Song by Paul McCartney

from the album Chaos and Creation in the Backyard
- Released: 12 September 2005
- Studio: Ocean Way Recording, Los Angeles (all but strings); AIR Studios, London (strings);
- Length: 2:12
- Label: Parlophone (UK); Capitol (US); Capitol Records/Universal Music Enterprises (2018 reissue);
- Songwriter: McCartney
- Producer: Nigel Godrich

= English Tea (song) =

"English Tea" is a song by the English musician Paul McCartney, released as the sixth track on his fourteenth studio album Chaos and Creation in the Backyard (2005). It is a song about tea.

== Background and composition ==
Paul McCartney wrote "English Tea" as a reflection on the English expressions he used to remember, including expressions he thought people didn't hear about. McCartney told the Observer that he liked the way people would talk in England, such as "Do you wanna cup of tea la[d]?, he was also impressed as to how he was able to work the word "peradventure" into the. The idea for the song came about while McCartney was on holiday when he recalled that Americans would often respond differently to someone saying they would want a cup of tea, where he "went to town" on that way of speaking.

"English Tea" celebrates the British English language and is in the key of G minor.
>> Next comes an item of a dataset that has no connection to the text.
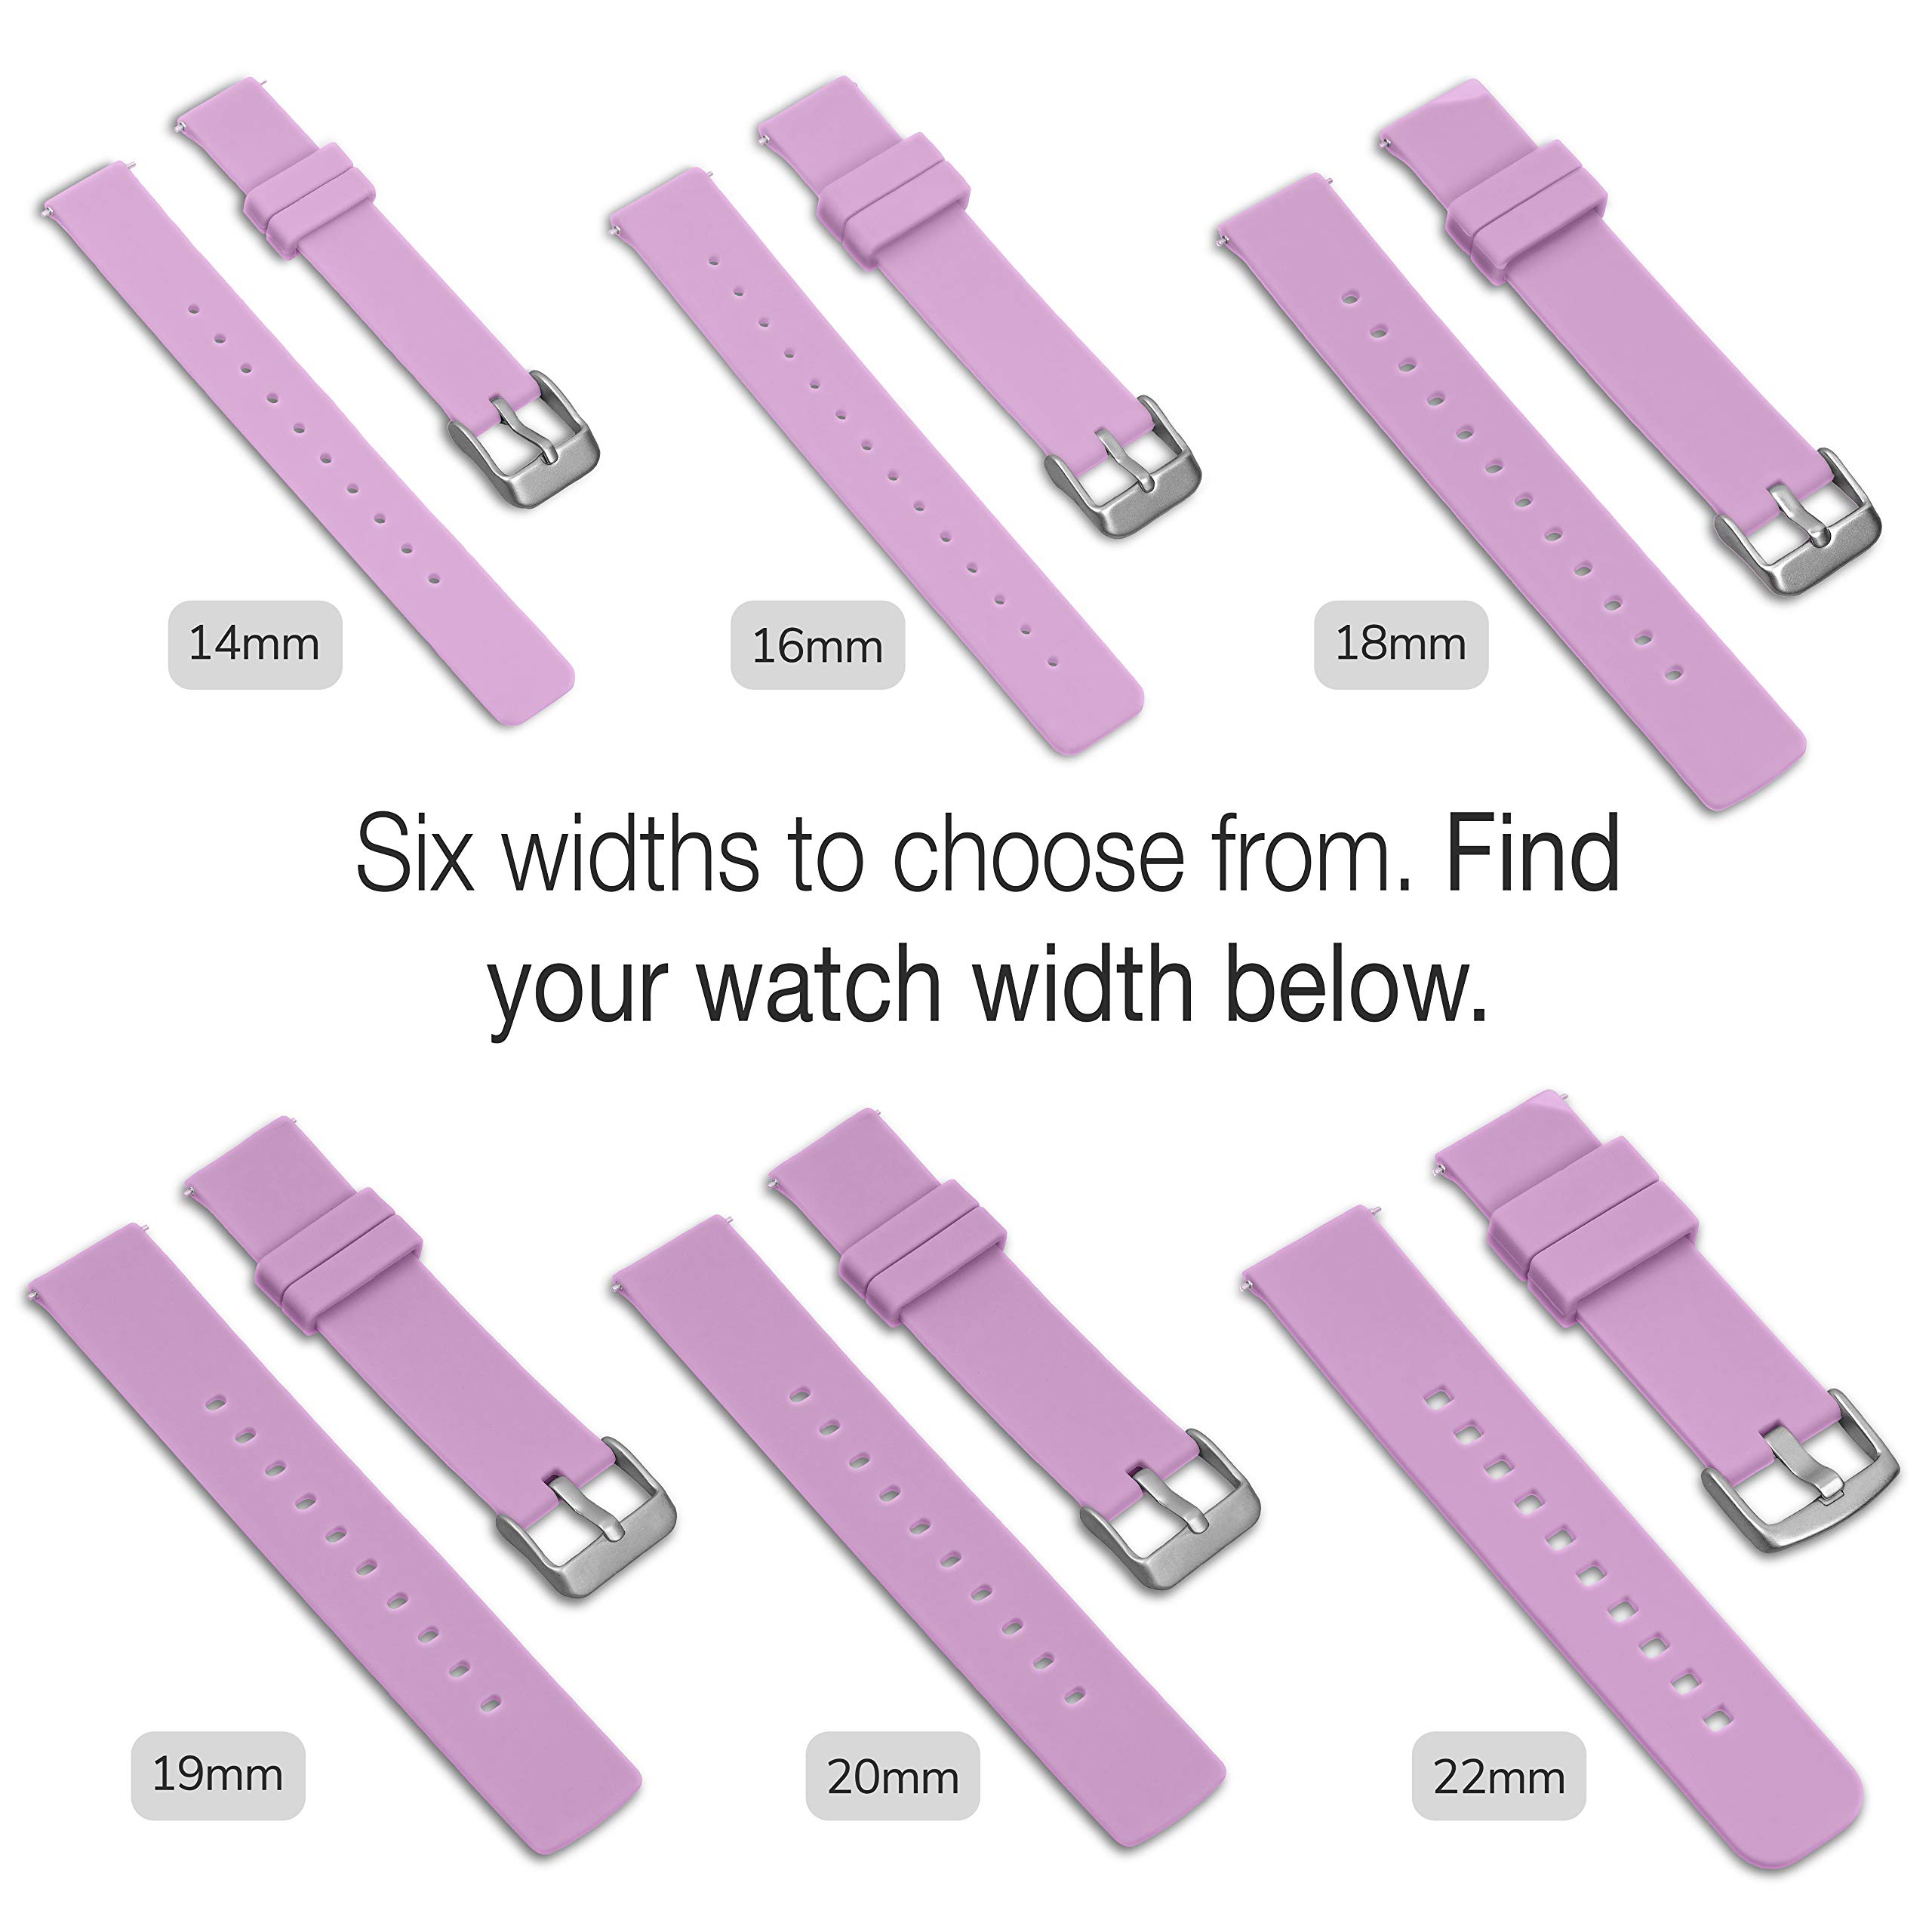 GadgetWraps 16mm Silicone Watch Band Strap with Quick Release Pins – Compatible with Fossil, Skagen, Misfit - 16mm Quick Release Watch Band (Purple Glow, 16mm)

It begins with a string quartet before McCartney comes in with a vocal that musicologist Vincent Perez Benitez Jr. thought sounded like something a Beatles vocal would sound like. Although John Blaney thought it would be something musician and comedian Neil Innes would write when humouring the British.
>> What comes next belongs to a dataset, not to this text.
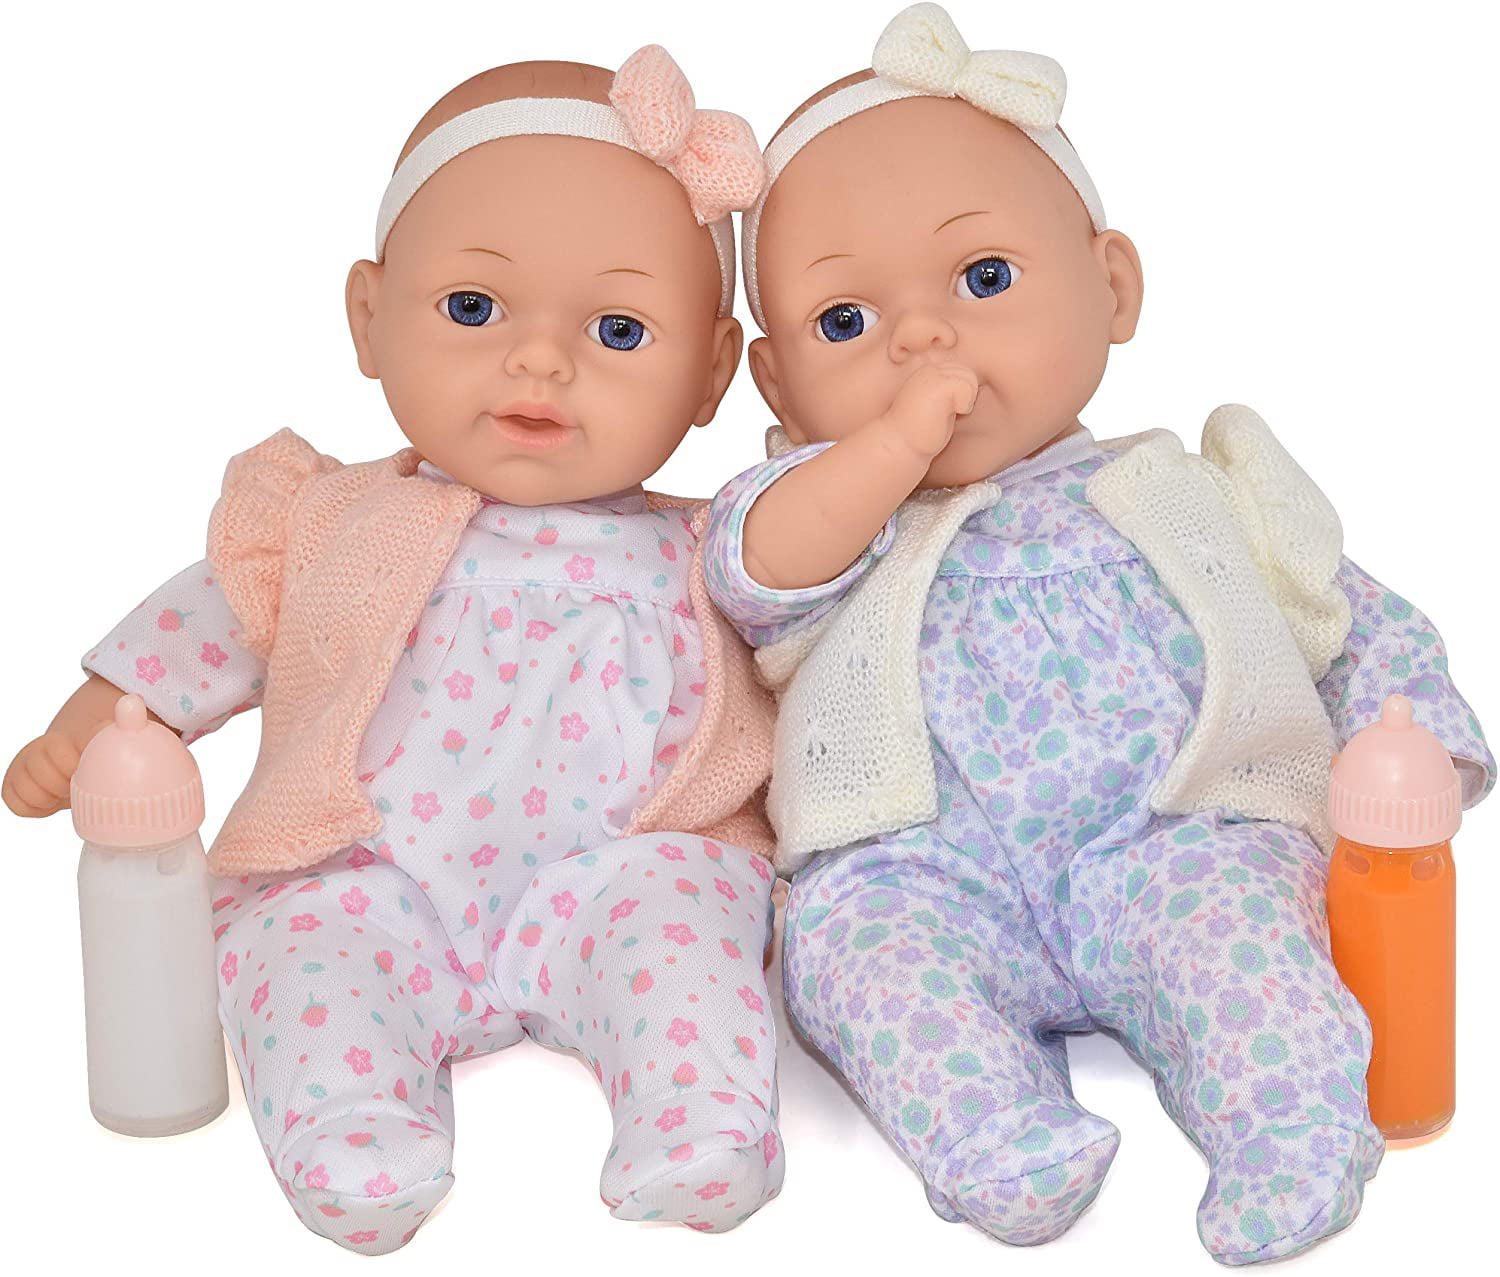 13 Inch Soft Body Baby Dolls with Magic Disappearing Milk Bottle and Juice Bottle Twin Baby Dolls

== Release and reception ==
In a review of Chaos and Creation in the Backyard for Slant Magazine, Preston Jones called it a "double-take-inducing direct bite of "For No One,"" Jim Beviglia of American Songwriter notes that listeners might be confused by the reference McCartney makes to British expressions in the lyrics, but that they will be able to understand McCartney to be celebrating the British, he explained the music with the woodwinds, would prove the "quaint and lovely" feeling of the song. Beviglia also included it in an unnumbered list of 5 of McCartney's "granny" songs, writing that the track is, in an Elizabethan way, "very much a statement of purpose from McCartney," believing that the song has the sound of an "idea of somewhat eccentric British-ness[ which] he proudly espouses here."

"English Tea" is included on the deluxe edition of the 2016 double disc Paul McCartney compilation Pure McCartney.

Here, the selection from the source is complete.